Author: Lindsey Miller
After months of debate, acrimony and drama, the US Congress passed the Tax Cuts and Jobs Act, and sent it to President Trump for signature.
Starting January 1, 2018, many individual taxpayers will see significant change in how they plan and prepare their taxes.
Key Changes in the New Tax Plan for individuals
The 500-page bill includes the following key changes for individual taxpayers and their families:
- 1. Seven tax brackets remain, but income taxes cut
- a. Rate changes expire in 2025, unless extended by congress
- b. Look for initial withholding guidance from the IRS in January
- c. Indexed for inflation by a chained CPI
Freed Maxick Insights
This will give rise to many planning opportunities in the year before the new brackets expire. In addition, with the new brackets taking effect in 2018, it does not allow much time for pre-change planning.
- 2. Standard deduction
- a. Nearly doubled
- b. Indexed for inflation by chained CPI
- c. Personal exemptions eliminated
Freed Maxick Insights
With some itemized deductions being eliminated or limited, there will be an increase in the amount of taxpayers taking the standard deduction. However, the increase to the standard deduction amount will most benefit those taxpayers who have not itemized in the past.

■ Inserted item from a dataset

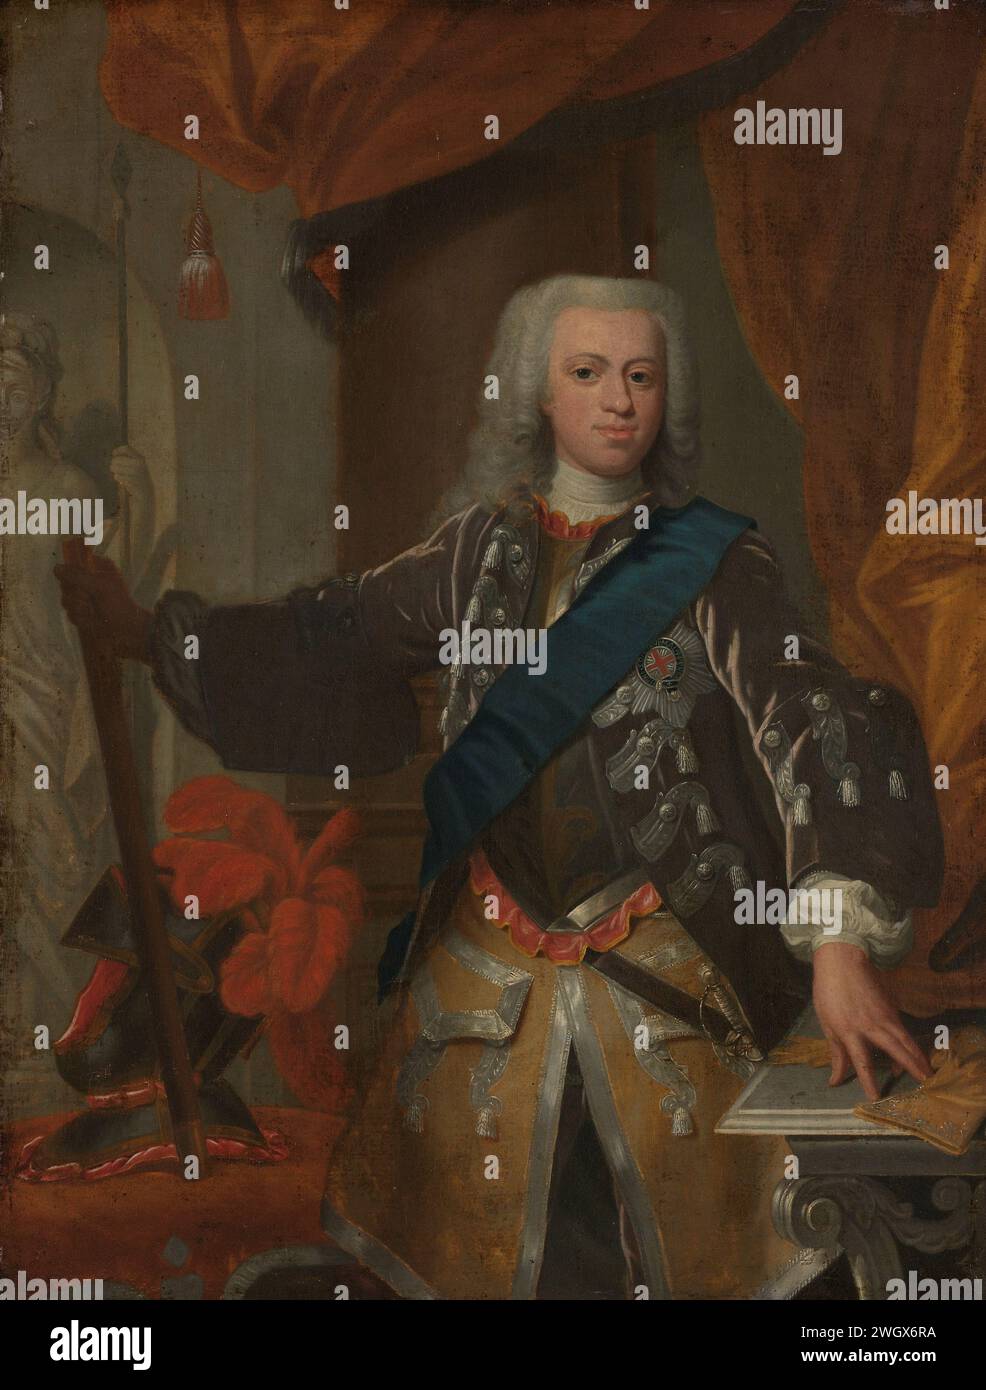 Guillaume IV (1711-51), Prince d'Orange, Hans Hysing (attribué à), 1730 - 1753 peinture Portrait de Guillaume IV, Prince d'Orange. Genou, debout avec la main gauche sur une table et commadosta dans la main droite. Le personnel s'appuyait sur une chaise sur laquelle son casque plumeux se tenait également. Sur la gauche en arrière-plan, une image d'une guerrière ou d'une déesse avec une lance. toile. peinture à l'huile (peinture) personnes historiques. stadtholder Banque D'Images

- 3. Other Itemized Deductions
- a. Mortgage interest deduction remains, but is modified
- b. State and local tax deduction is limited to $10,000, may choose to include sales taxes as an alternative. Congress also acted to prevent pre-payment of taxes to avoid future limitations
- c. Medical expenses deductions temporarily enhanced by lowering the threshold to 7.5% of AGI in the 2018 and 2019 tax years
- d. Alimony no longer tax deductible and the associated income is no longer taxable
Freed Maxick Insights
It was originally thought that the state and local income tax deduction would be completely eliminated. While that did not end up being the case, it is worth it to note that the $10,000 limit includes both income and property taxes. Therefore, this provision will still severely limit the itemized deductions of many taxpayers. But don’t consider prepaying your 2018 state income taxes in 2017. Those amounts will not be deductible until 2018.
4. Alimony
a. For divorce or separation decrees after 2018, alimony is no longer tax deductible to the payor and the associated income is no longer taxable to the recipient
- 4. Affordable Care Act
a. The bill does not repeal the Affordable Care Act’s taxes on net investment income, the additional Medicare tax, medical device tax and others
b. The bill does repeal the individual mandate requirement (starting 2019)
5. Estate tax exemption
a. Doubles the exclusion amounts
b. Generation skipping tax exemption is also doubled
Freed Maxick Insights
Time to revisit your Estate Planning. There should be many opportunities to minimize the estate tax burden.
- 6. Alternative Minimum Tax
- a. The exemption increased from $54,300 to $70,300 for singles and from $84,500 to $109,400 for joint filers
Freed Maxick Insights
Maybe next time this will finally go away! Contact us and let’s see how this affects you.
- 7. Education
- a. Up to $10,000 in 529 savings plans can now be used for tuition at private and religious K-12 schools
- b. Deductions for classroom supplies bought by a teacher remains
- c. Tax free status of graduate student tuition waivers remains
- d. Student loan interest deduction remains
- 8. Families
- a. Child Tax Credit increased from $1,000 to $2,000. Credit is refundable up to $1,400. The plan also increases the income level from $110,000 to $400,000 for married tax filers
- b. $500 credit for each non-child dependent now allowed
Freed Maxick Insights
This provision will offset some of the impact of eliminating personal exemptions for families with multiple children.